◆ YOUR OBJECTIVE ◆
Once the pictures are set aside, repeat all of the data below exactly.
Segment Start: PROVIDED MATERIAL
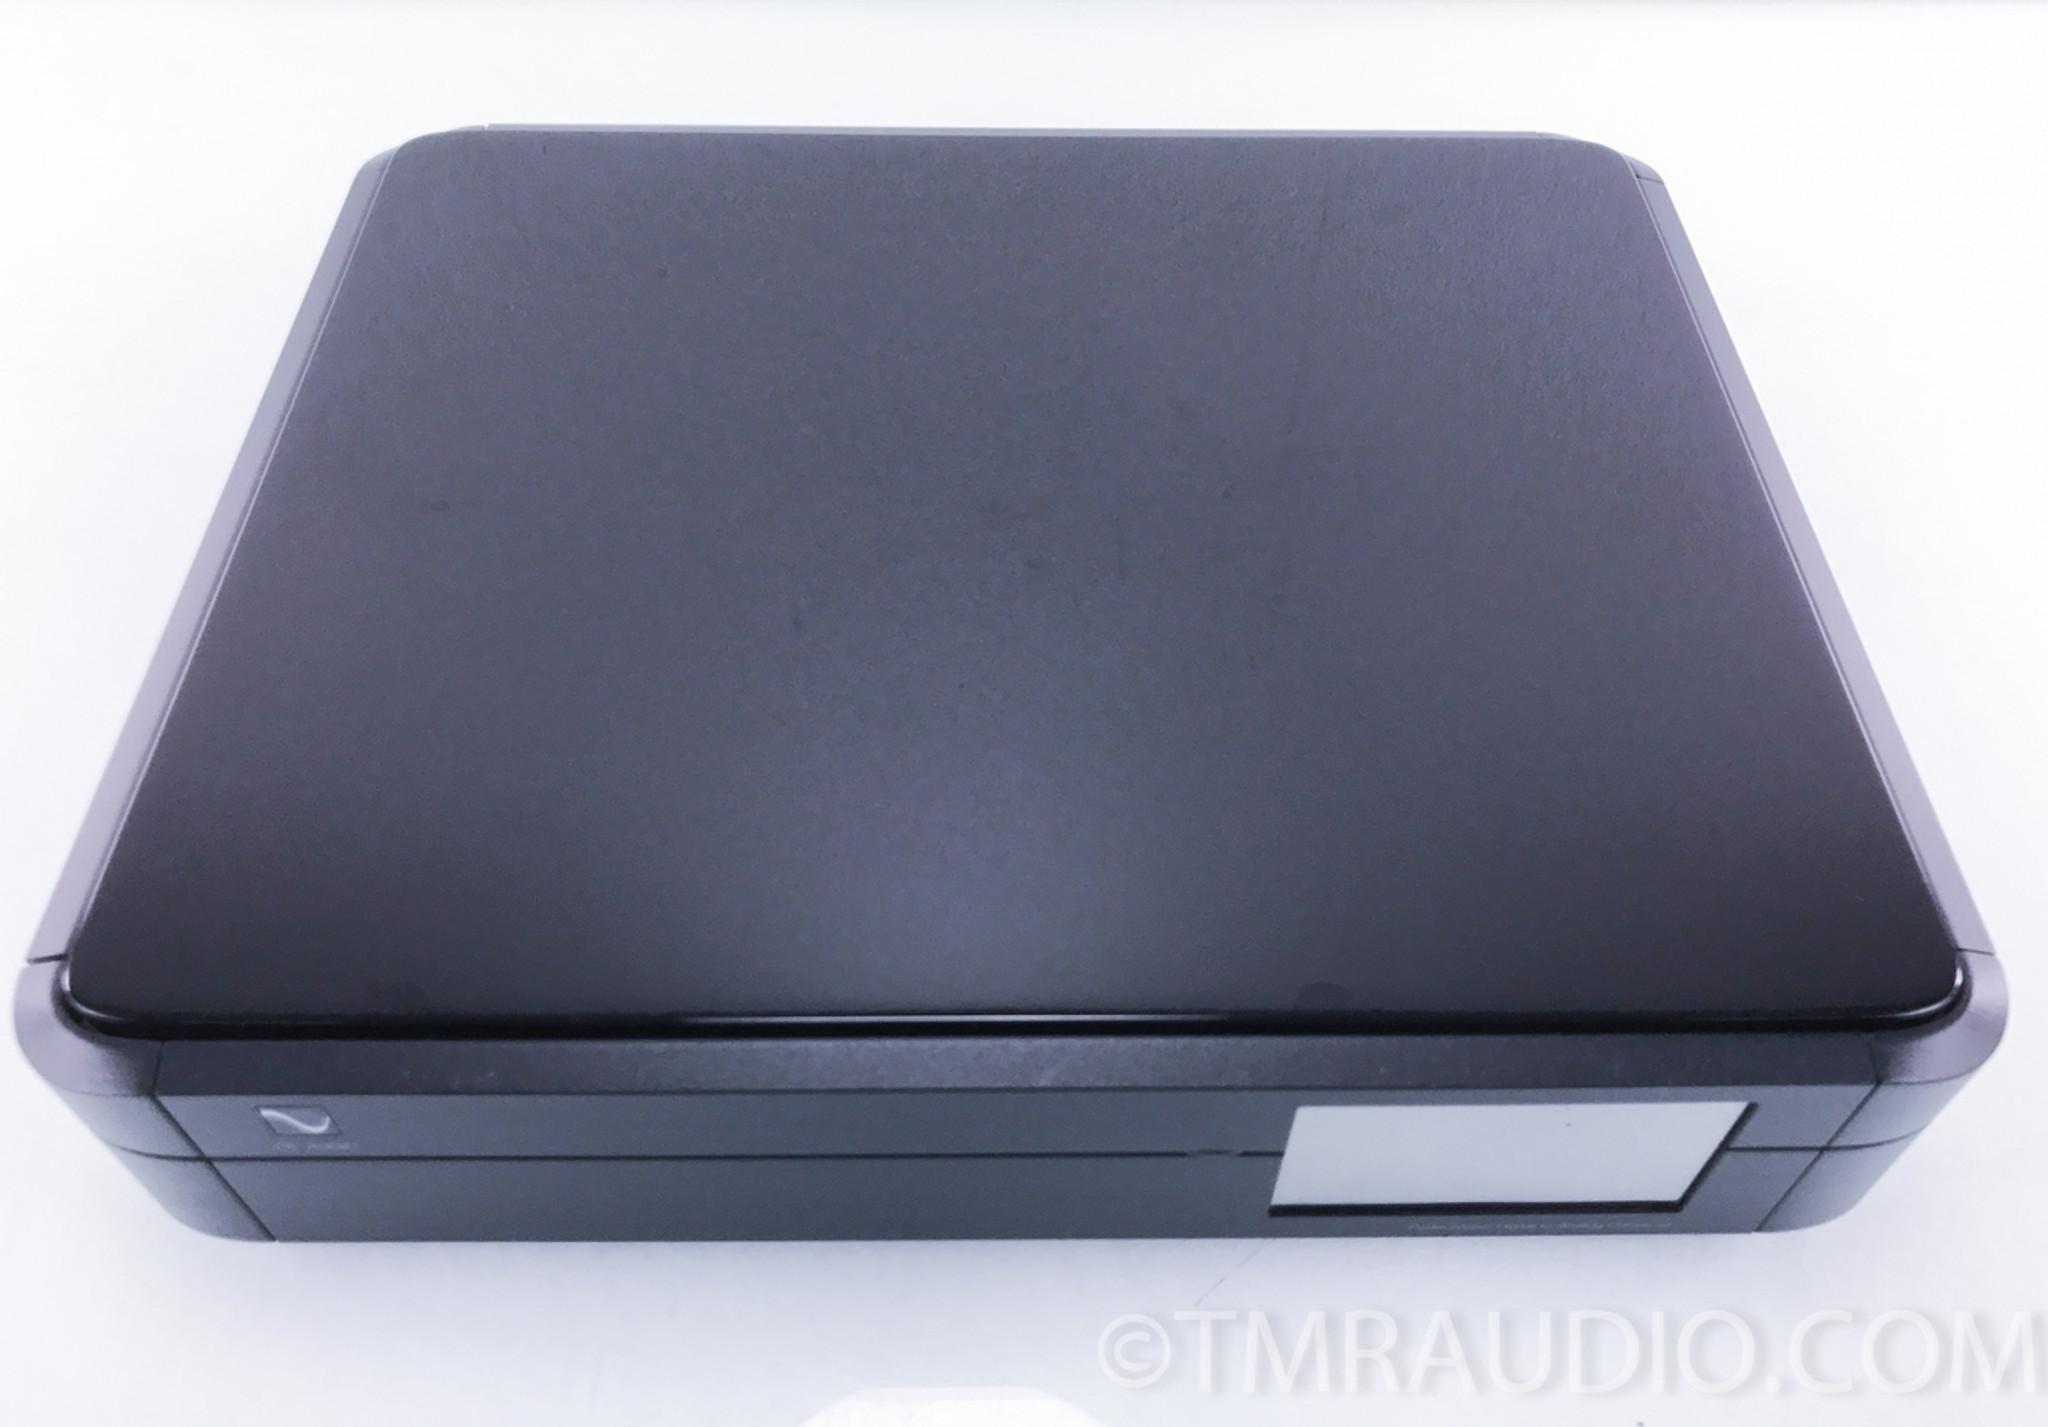 PS Audio PerfectWave DAC II; PWD II D/A Converter
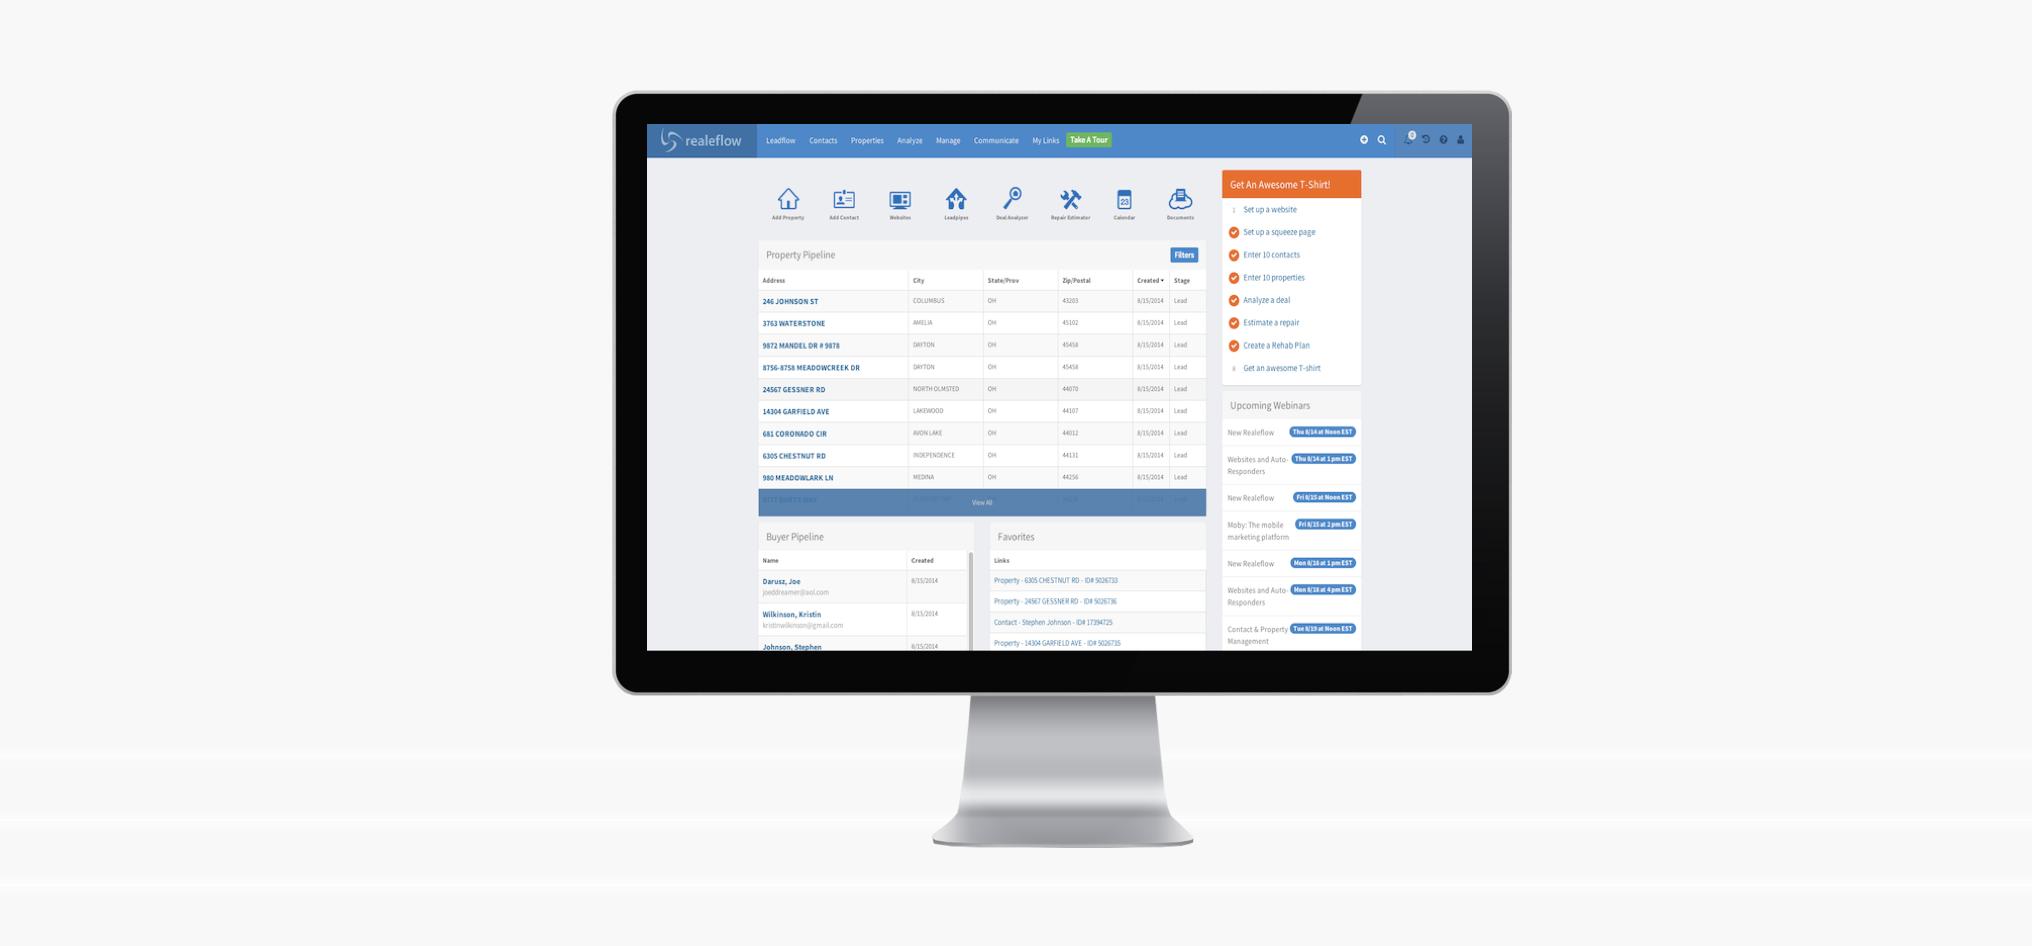 Realeflow integrates with PropertyRadar
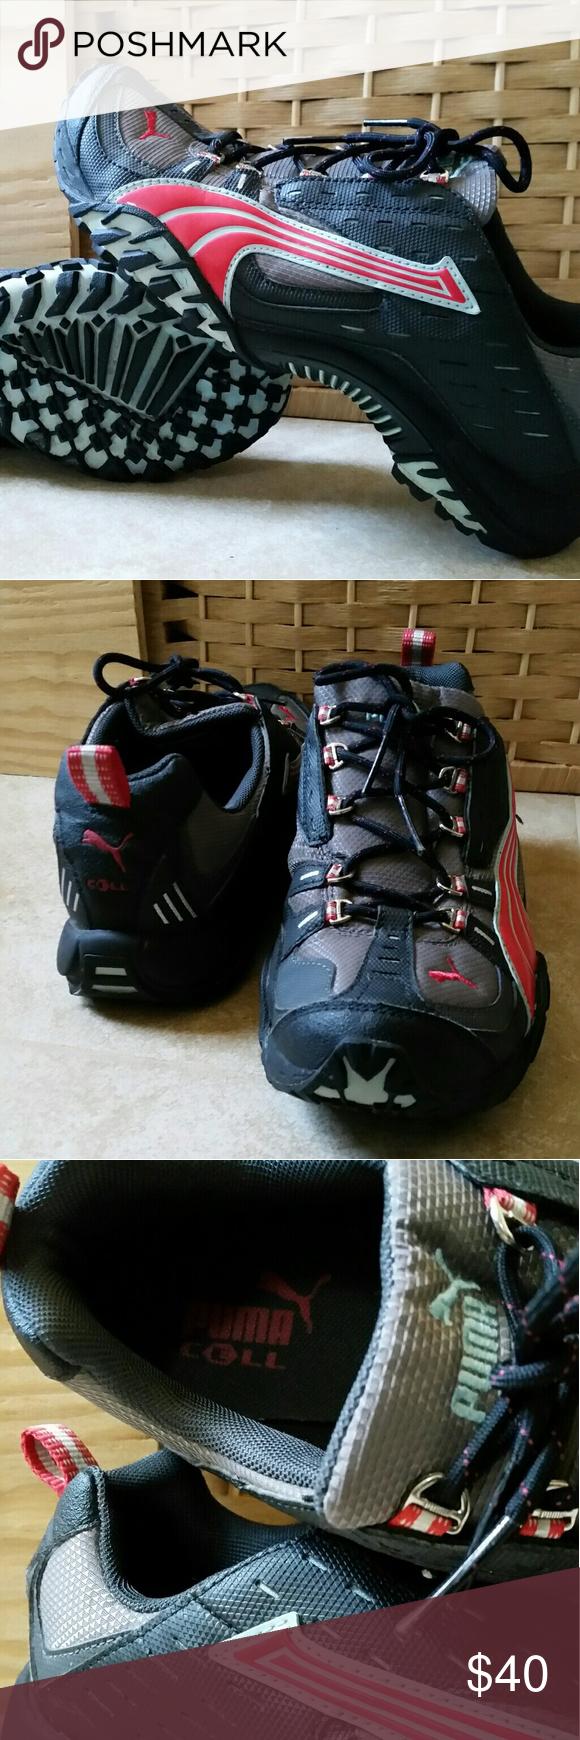 854076805c57 Puma Cell Alpine Racer Shoes
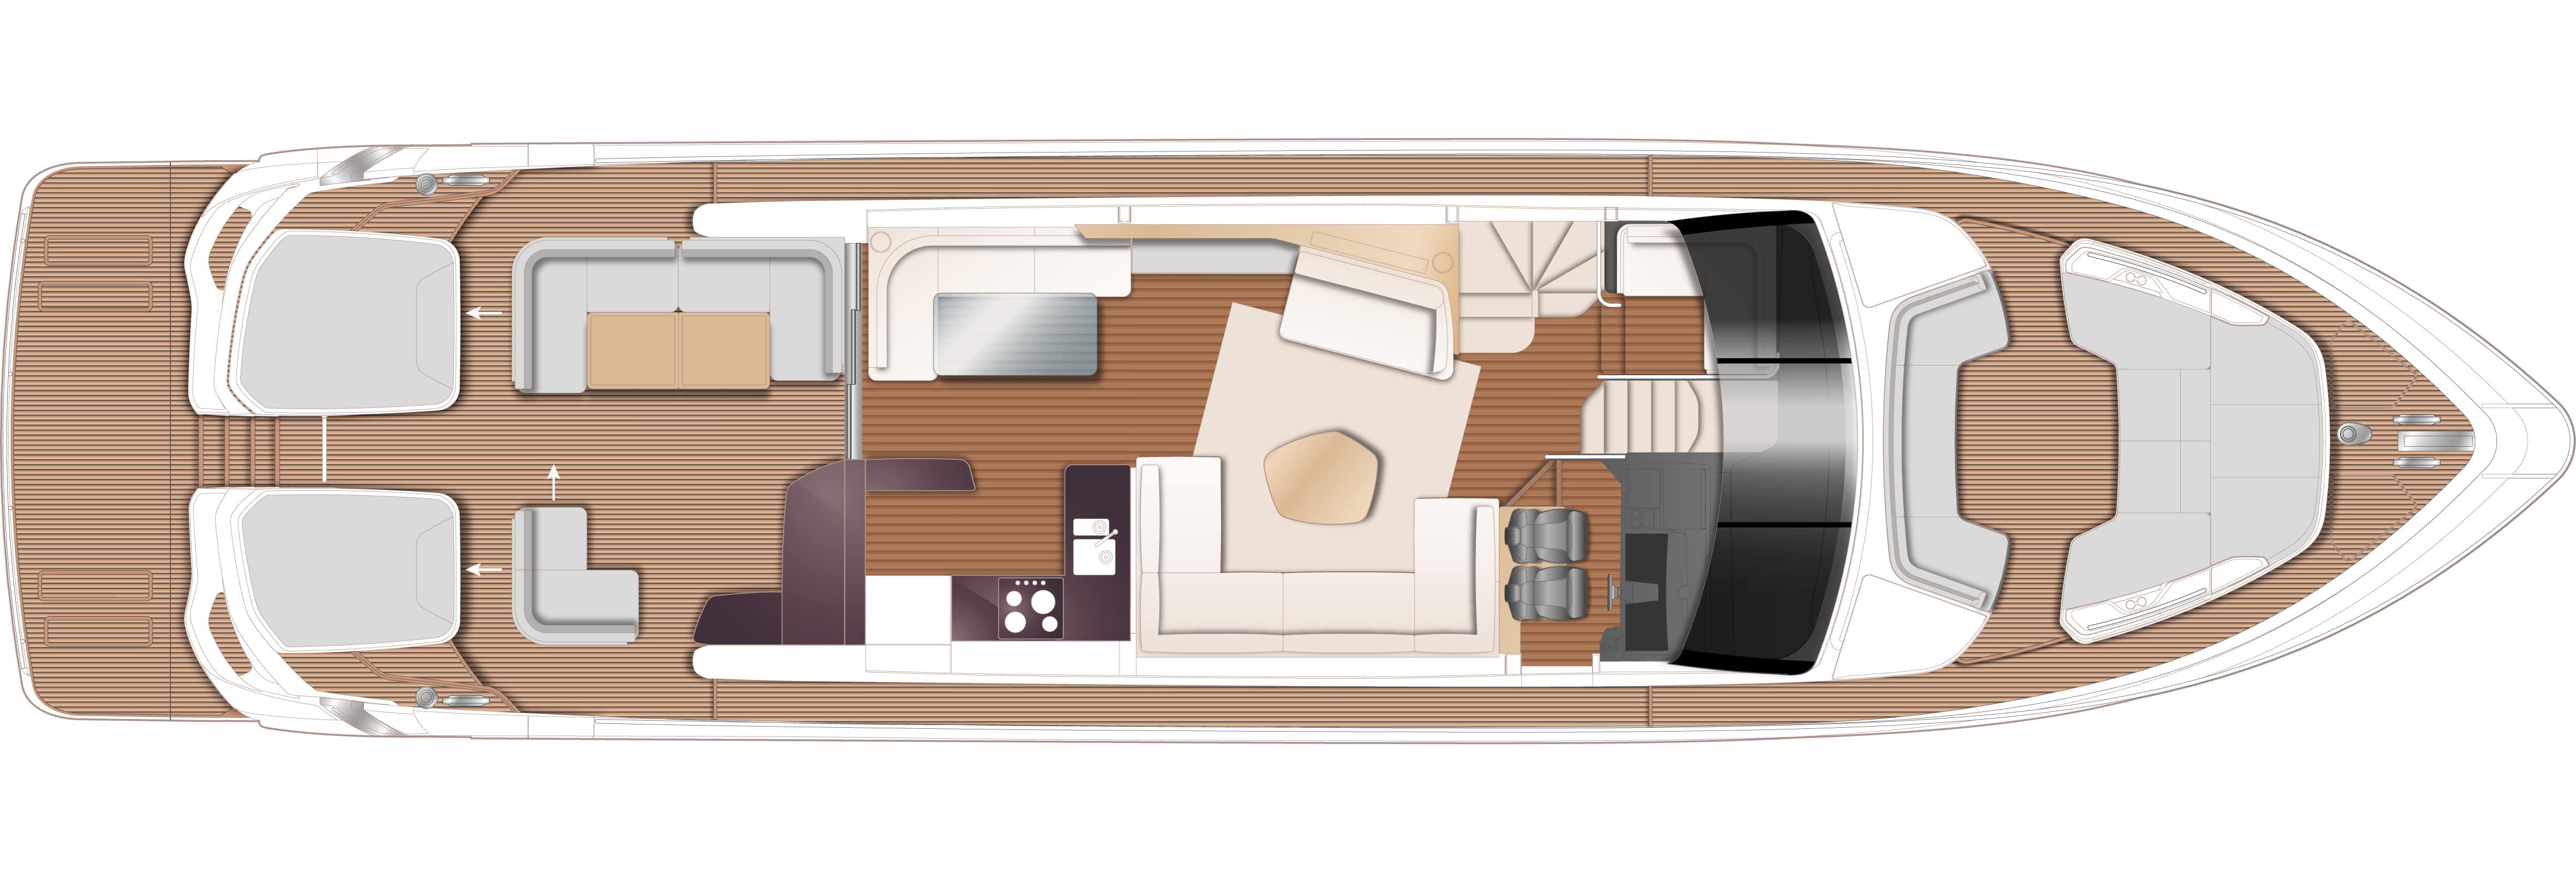 v78 layout main deck
Segment End: PROVIDED MATERIAL
◆ EXERCISE RESULT ◆
 PS Audio PerfectWave DAC II; PWD II D/A Converter
 Realeflow integrates with PropertyRadar
 854076805c57 Puma Cell Alpine Racer Shoes
 v78 layout main deck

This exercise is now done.